Designer Sara Perks’ tiered staging levels imposed itself on the space and set the play up to be quite the grandiose affair. With an Escher-like understanding of the stage, Perks utilised every inch of space and succeeded in creating four independent rooms. Disappointingly, the large white screens in which the action was framed were severely misused, their only real purpose being to project outdated Getty Images of generic protests. It could be expected that the clandestine nature of the piece would warrant a range of exciting thrills. Adam P McCready certainly channelled his inner Bond when composing the score but his ostentatious overture seemed inappropriate, as the action on stage never reached the same heights.
“At times, Sissons’ robotic handling of the script results in the already strained relationship with Dave becoming somewhat of a parody”

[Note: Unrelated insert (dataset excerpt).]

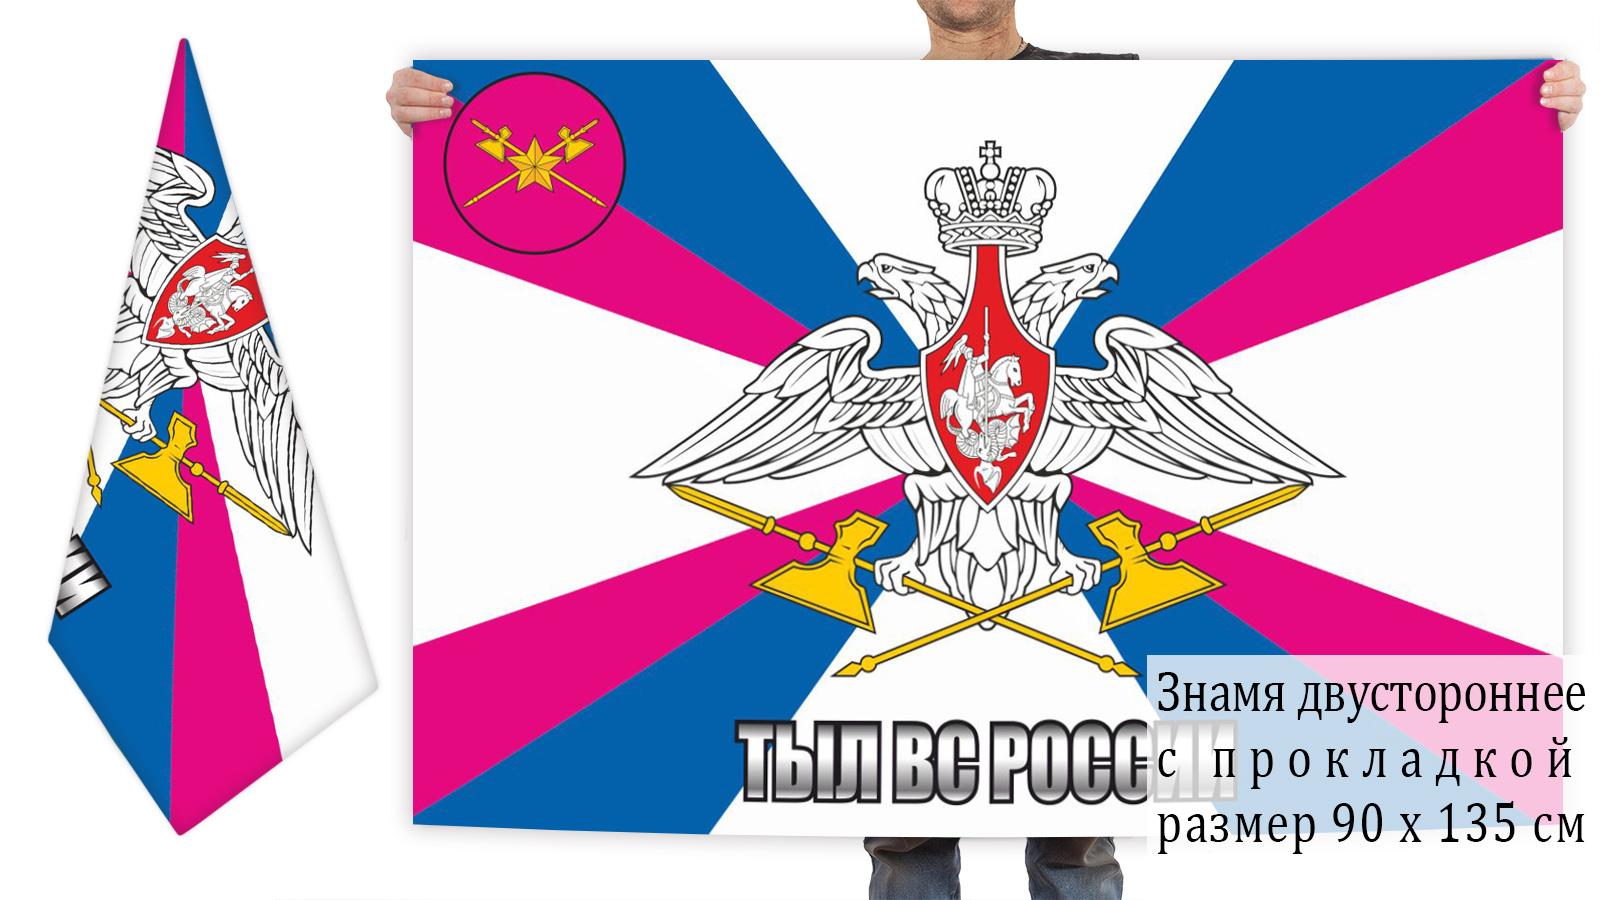 Двусторонний флаг тыла ВС России

Chadwick’s script is laden with rom-com clichés, transparent political sentiments and lacks any kind of understanding of how people in long-term relationships actually communicate. The writer was able to interview female activists who had been romantically involved with SDS officers, yet the dialogue lacks any kind of authenticity and at times descends into total farce. Director Giles Croft’s admirable attempts to breathe life into Chadwick’s sterile text can be seen in the mannerisms of revolutionist Gav, played by the talented Nicholas Karimi. Unlike Gav’s flatmate Mel (Kate Sissons), Karimi manages to convey sincere and well-balanced emotions. At times, Sissons’ robotic handling of the script results in the already strained relationship with Dave becoming somewhat of a parody. But Croft is not completely innocent in this either, failing to instruct his wedded actors that after thirteen years of marriage, couples tend to become slightly more relaxed around one another.

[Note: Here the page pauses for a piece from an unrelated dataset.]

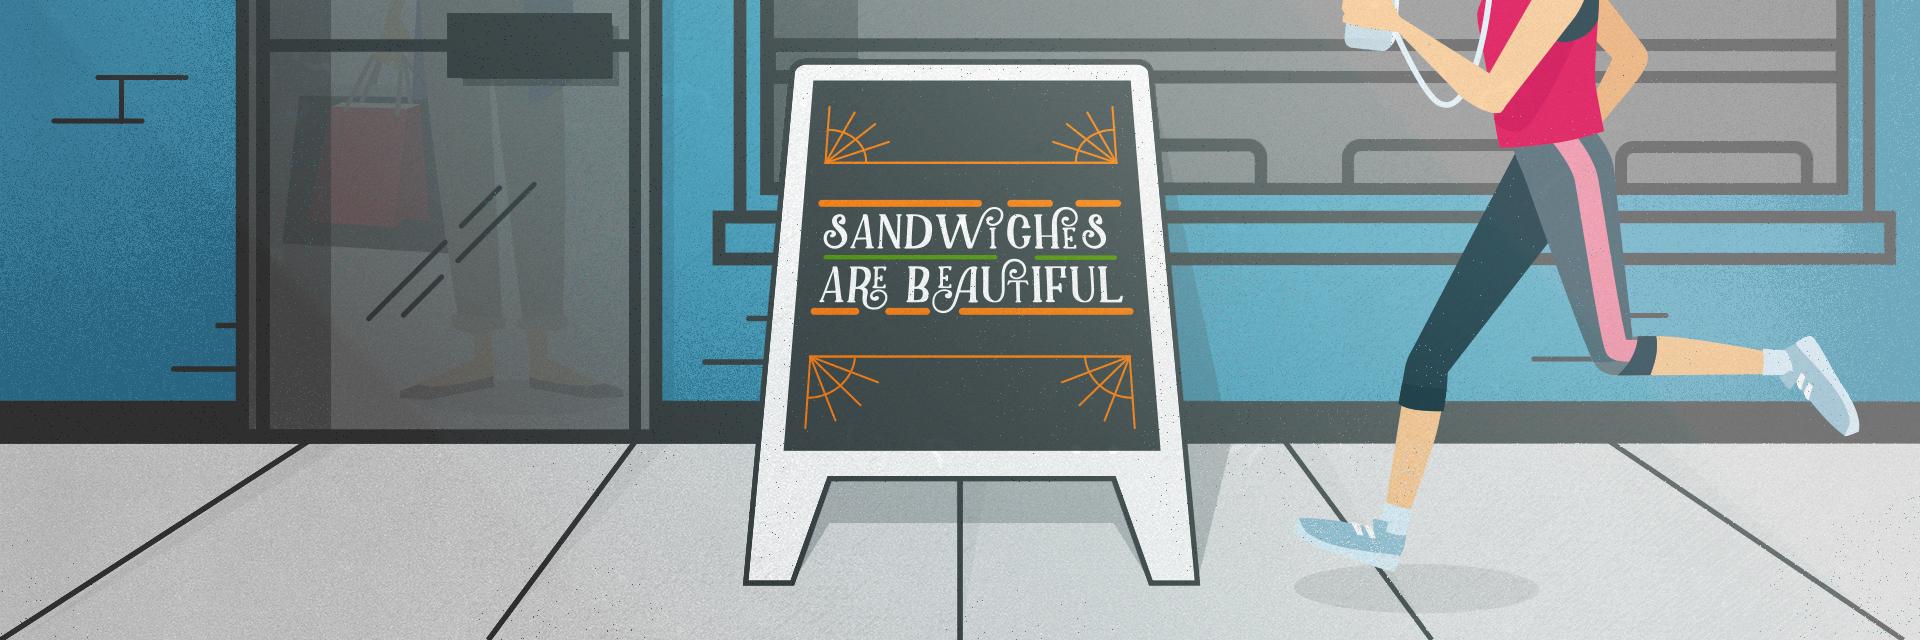 Sandwich (boards) are Beautiful

“It is the conflict between the two opposing narratives of his real and undercover lives, which supposedly tear Dave apart”

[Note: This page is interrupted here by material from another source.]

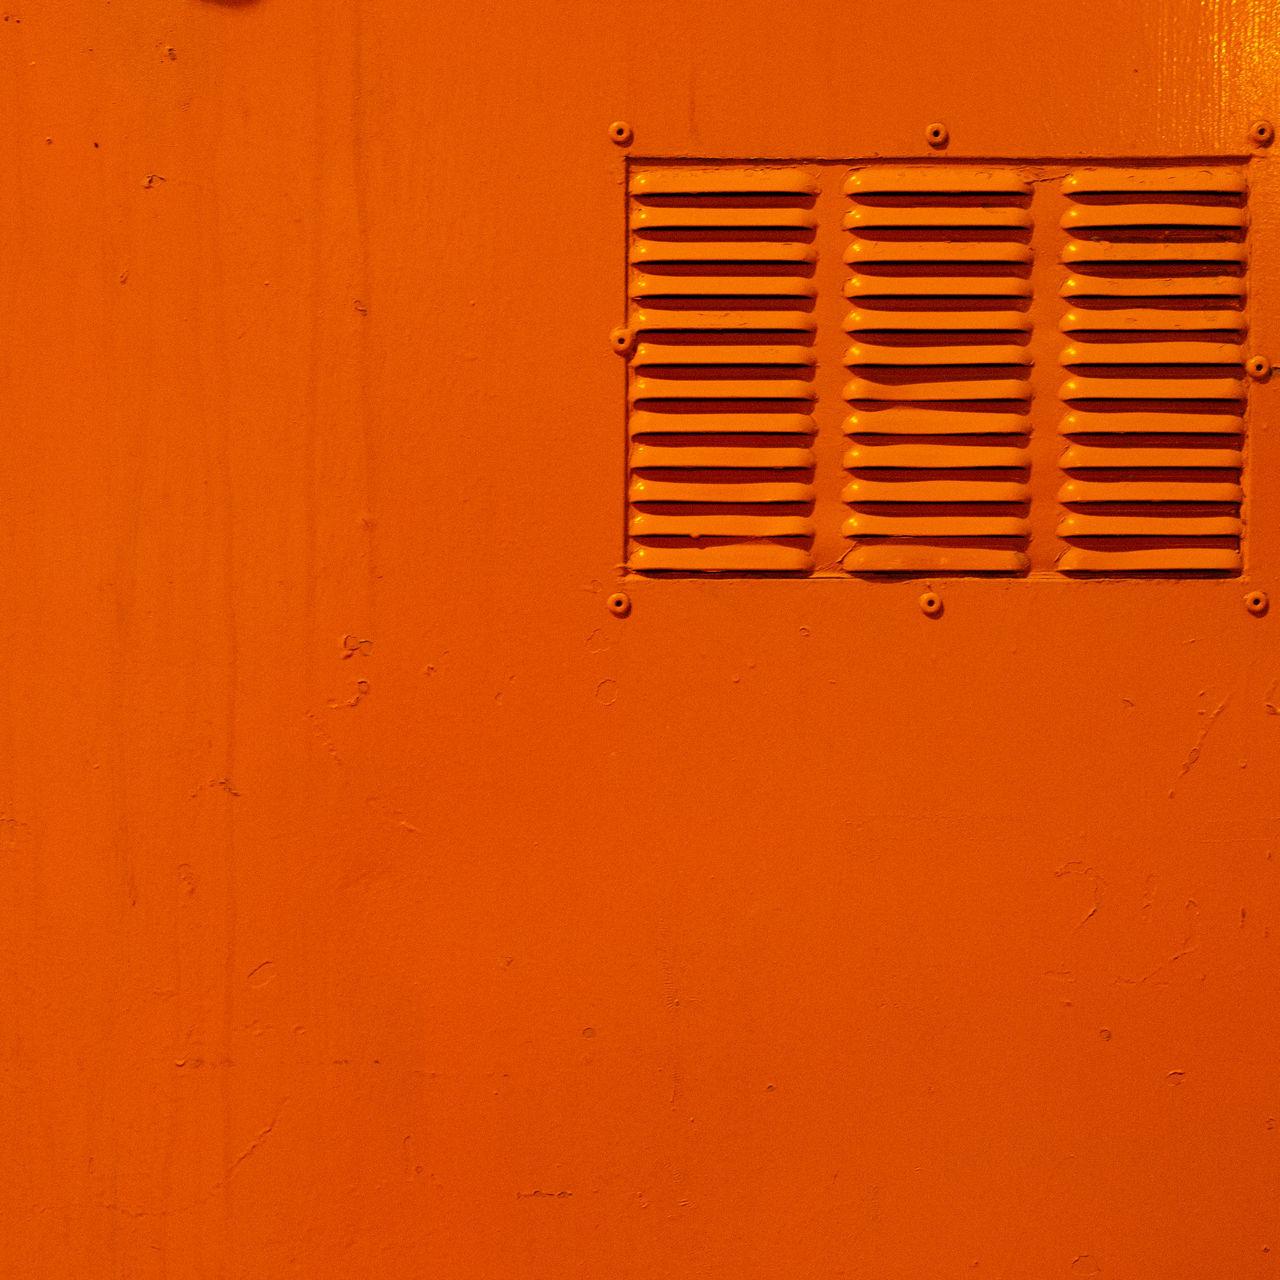 Full frame shot of orange metal locker

It is the conflict between the two opposing narratives of his real and undercover lives, which supposedly tear Dave apart and it is the same conflict that appears to plague Chadwick’s production. The writer has set out to tell a “very personal story at the heart of a political issue”, but in not fully committing to either style, has jeopardised both storylines. Like every undercover agent before him, Dave is aware that getting too close to the case is dangerous. The deeper he gets, the more his web of lies becomes harder to escape but Mel’s winsome woodenness is simply too appealing.
The broader political message sporadically peppered throughout the piece is a pressing issue. Government surveillance and covert operations should be exposed and the culprits should be held accountable. Chadwick, despite the aforementioned mishaps, has been brave to approach a topic that Scotland Yard have desperately tried to sweep under the rug.